— Given information —
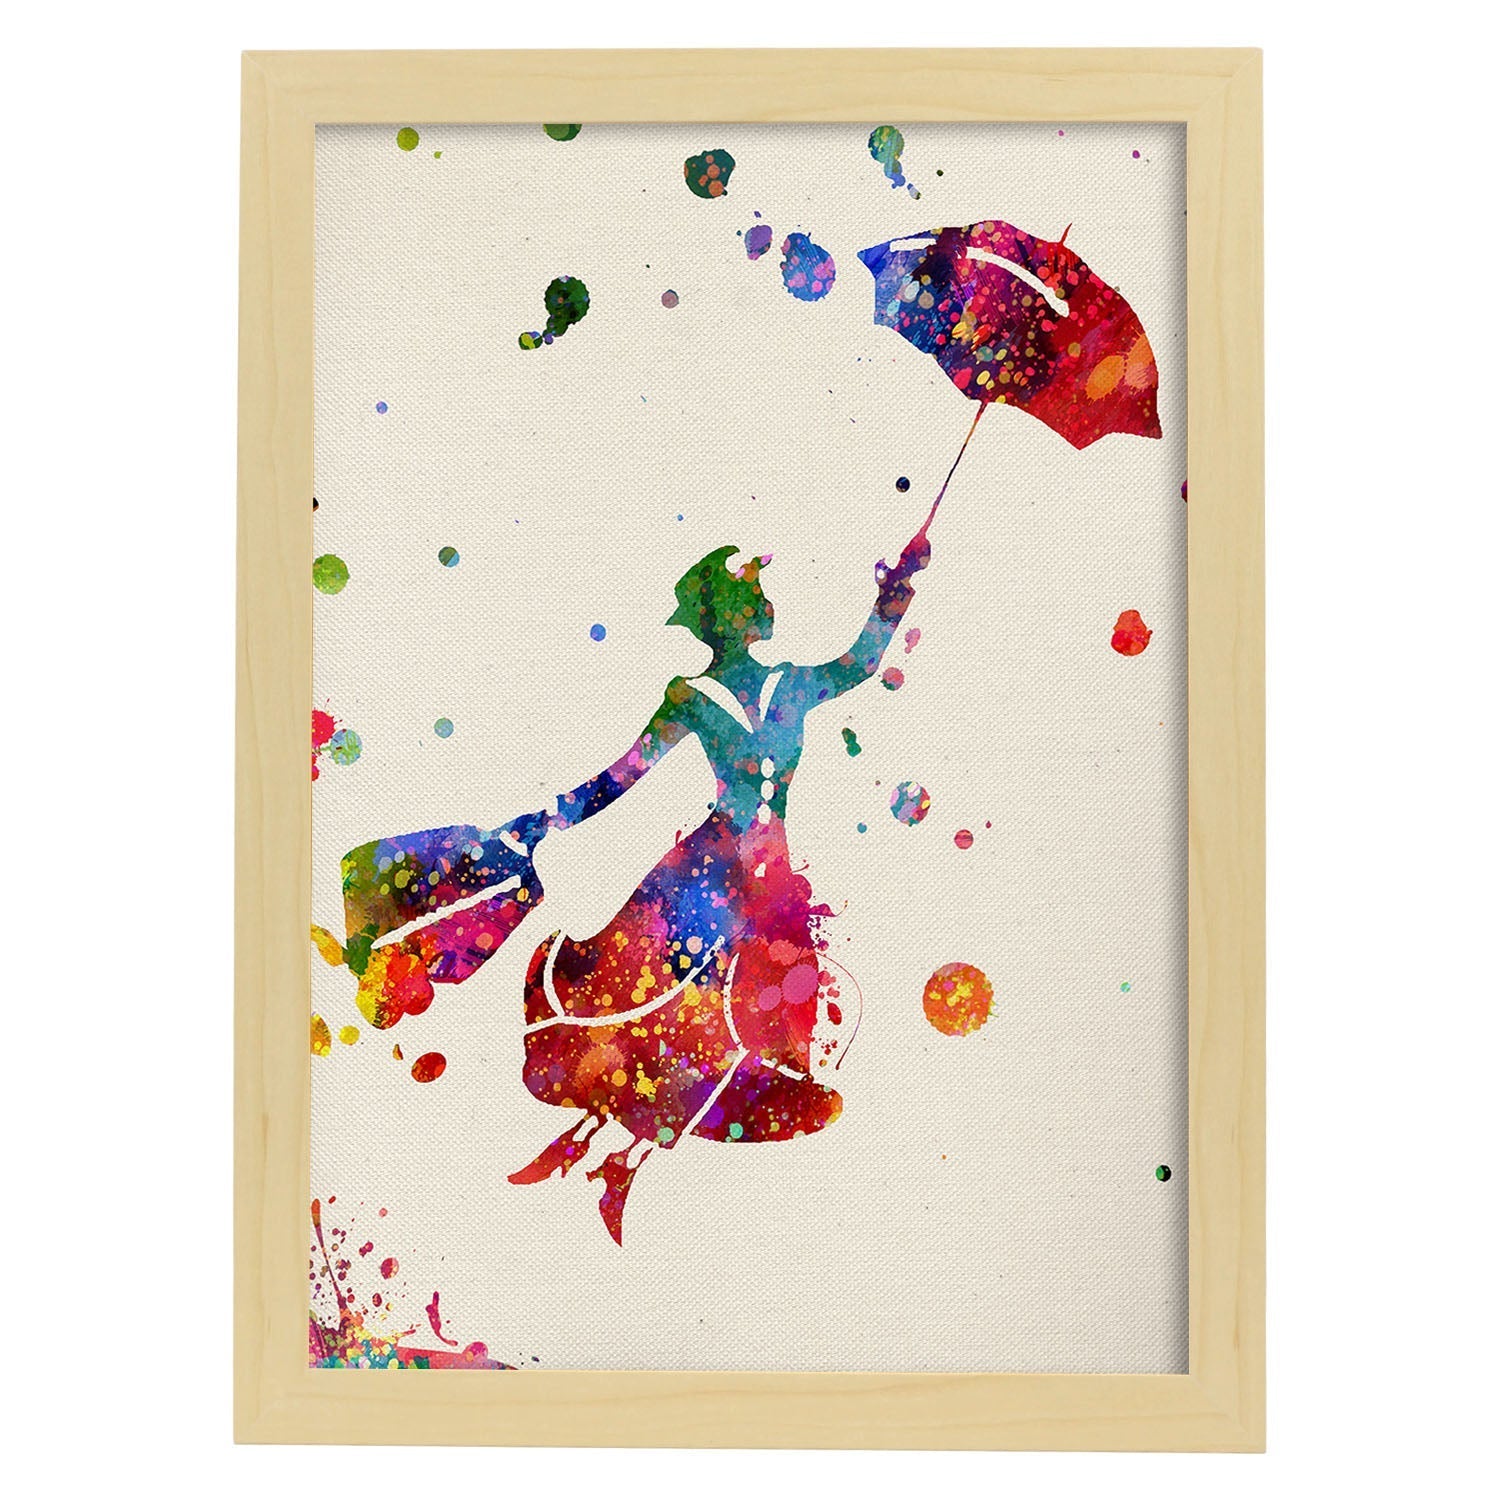 Lámina de la famosa pelicula Mary Poppins (volando) en Poster estilo explosión de color . Papel 250 gr.-Artwork-Nacnic-A3-Marco Madera clara-Nacnic Estudio SL
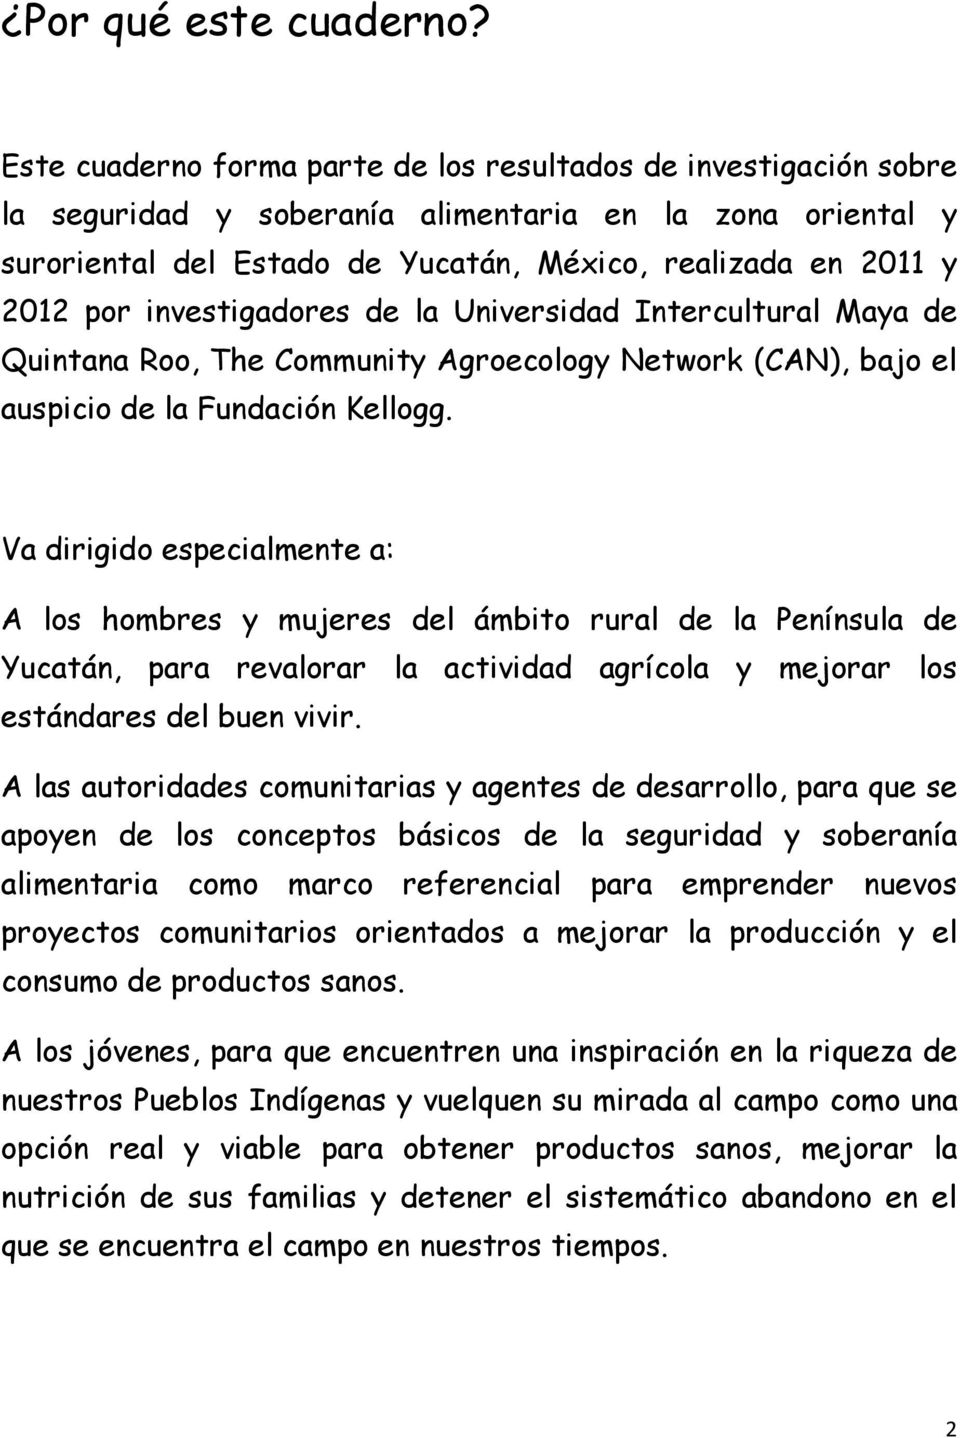 investigadores de la Universidad Intercultural Maya de Quintana Roo, The Community Agroecology Network (CAN), bajo el auspicio de la Fundación Kellogg.
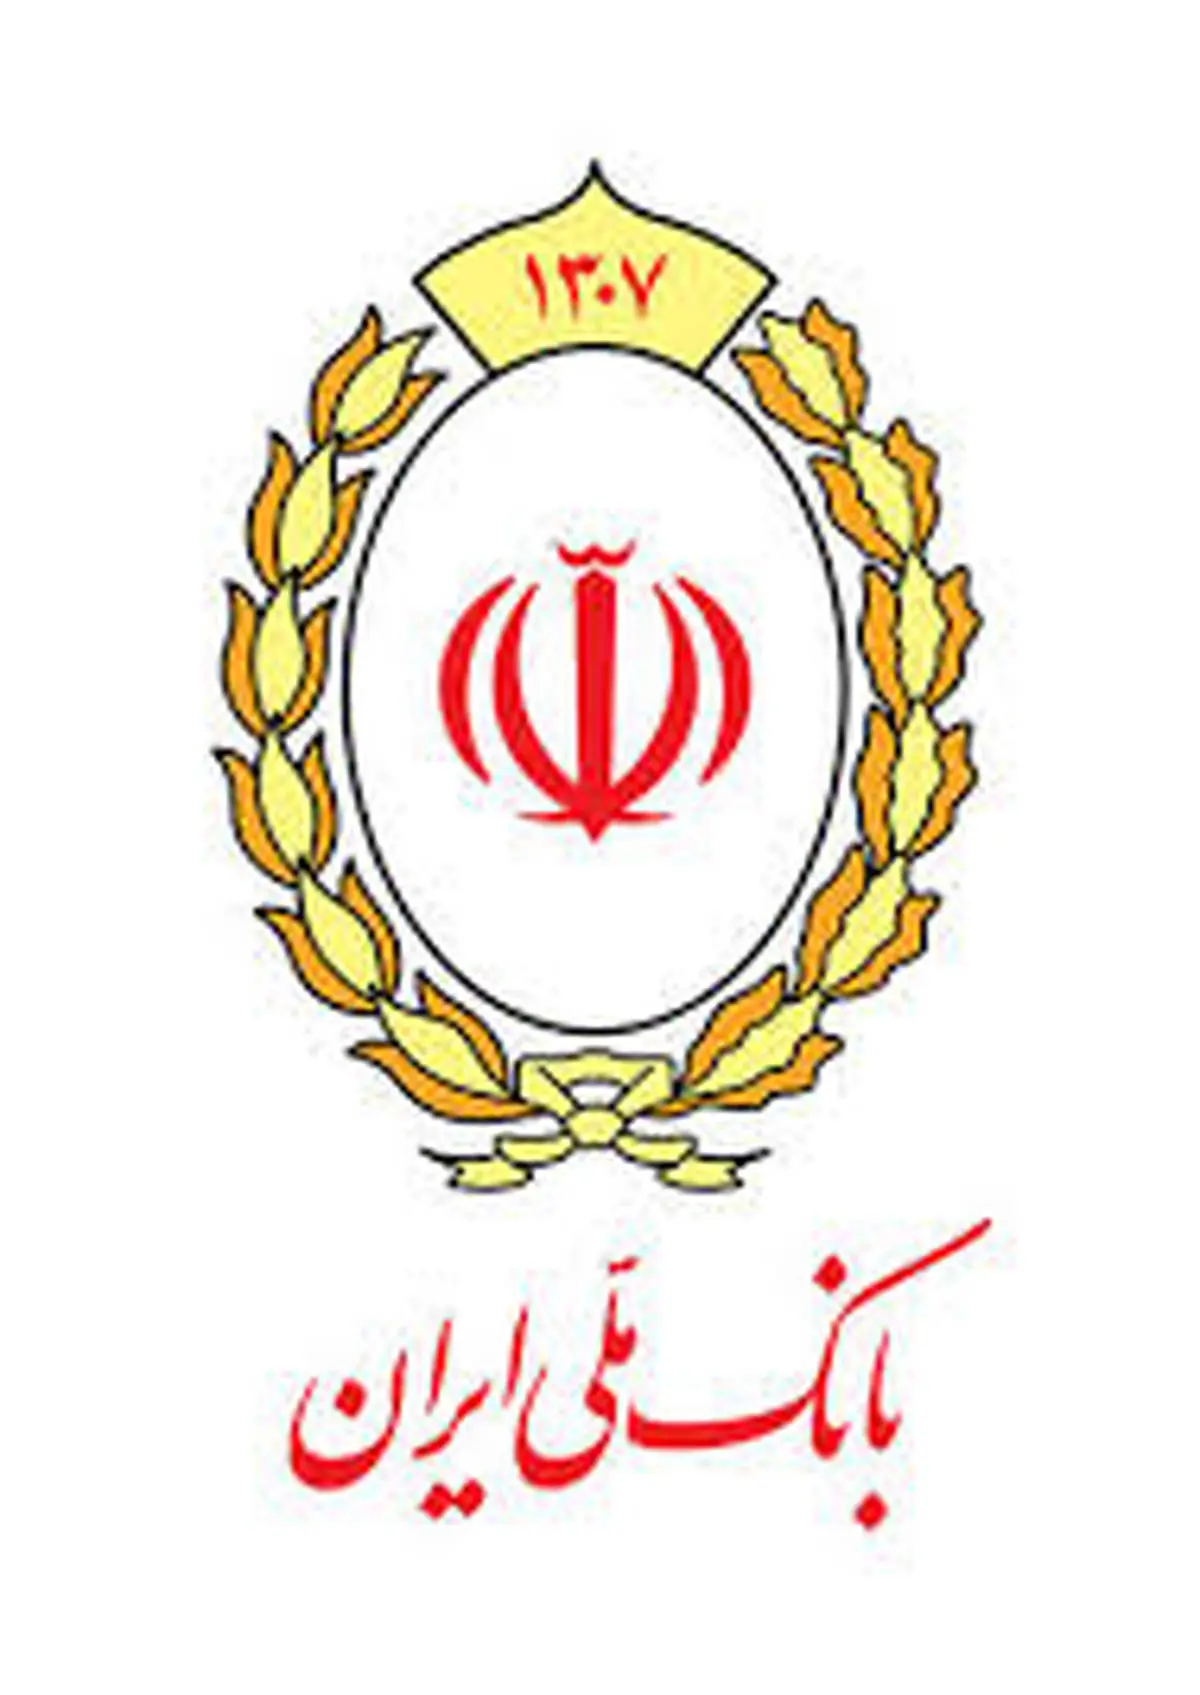 با تسهیلات بانک ملی ایران از کالای ایرانی حمایت کنید

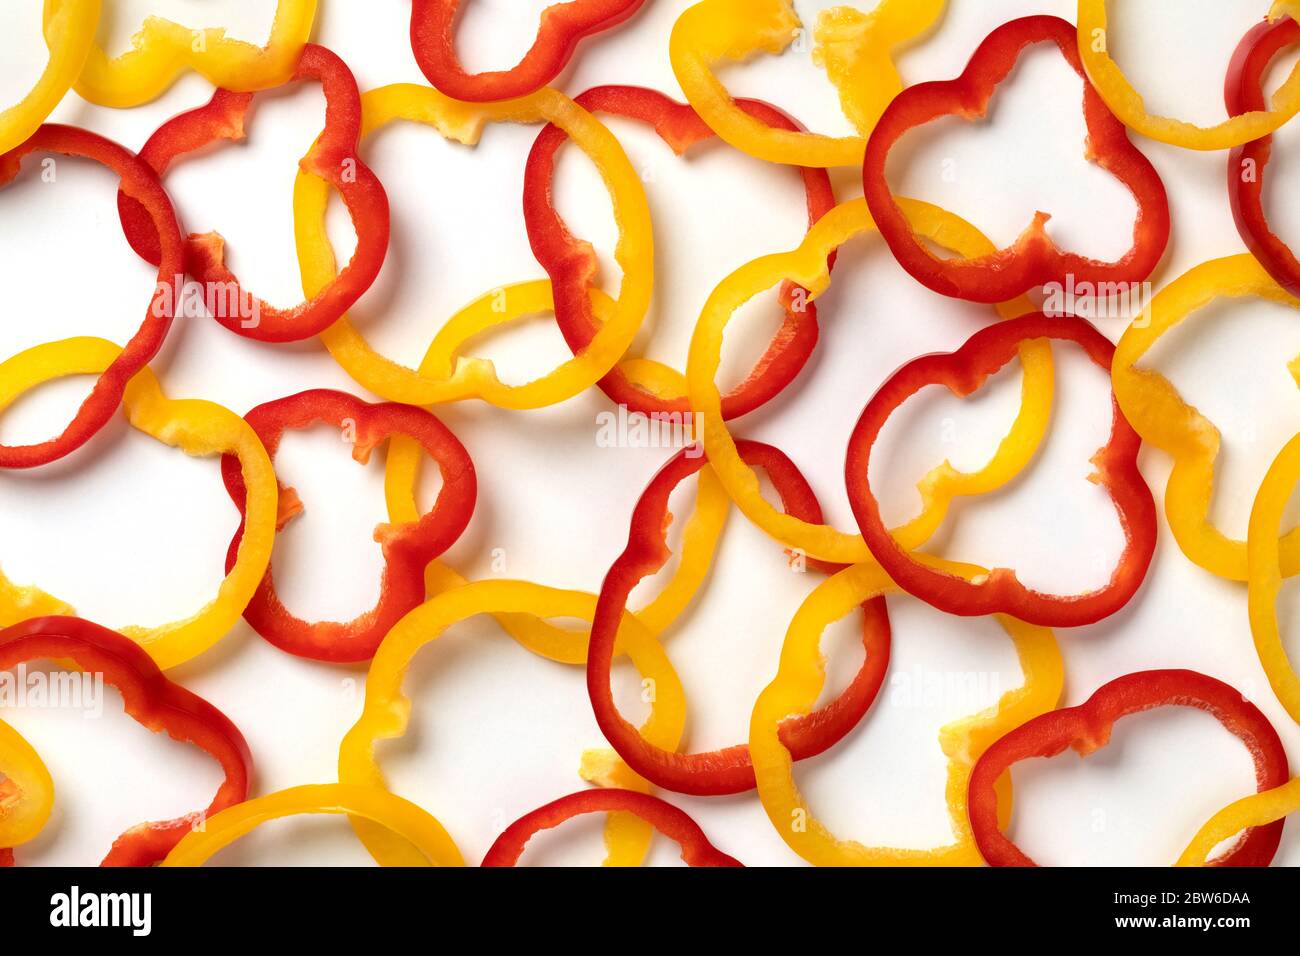 Frisch geschnittene Ringe aus roter und gelber Paprika schließen sich auf weißem Hintergrund Stockfoto

— Exercise objective —
From the material above, print everything exactly except the pictures.

— Result for this exercise —
 Lámina de la famosa pelicula Mary Poppins (volando) en Poster estilo explosión de color . Papel 250 gr.-Artwork-Nacnic-A3-Marco Madera clara-Nacnic Estudio SL
 investigadores de la Universidad Intercultural Maya de Quintana Roo, The Community Agroecology Network (CAN), bajo el auspicio de la Fundación Kellogg.
 با تسهیلات بانک ملی ایران از کالای ایرانی حمایت کنید

 Frisch geschnittene Ringe aus roter und gelber Paprika schließen sich auf weißem Hintergrund Stockfoto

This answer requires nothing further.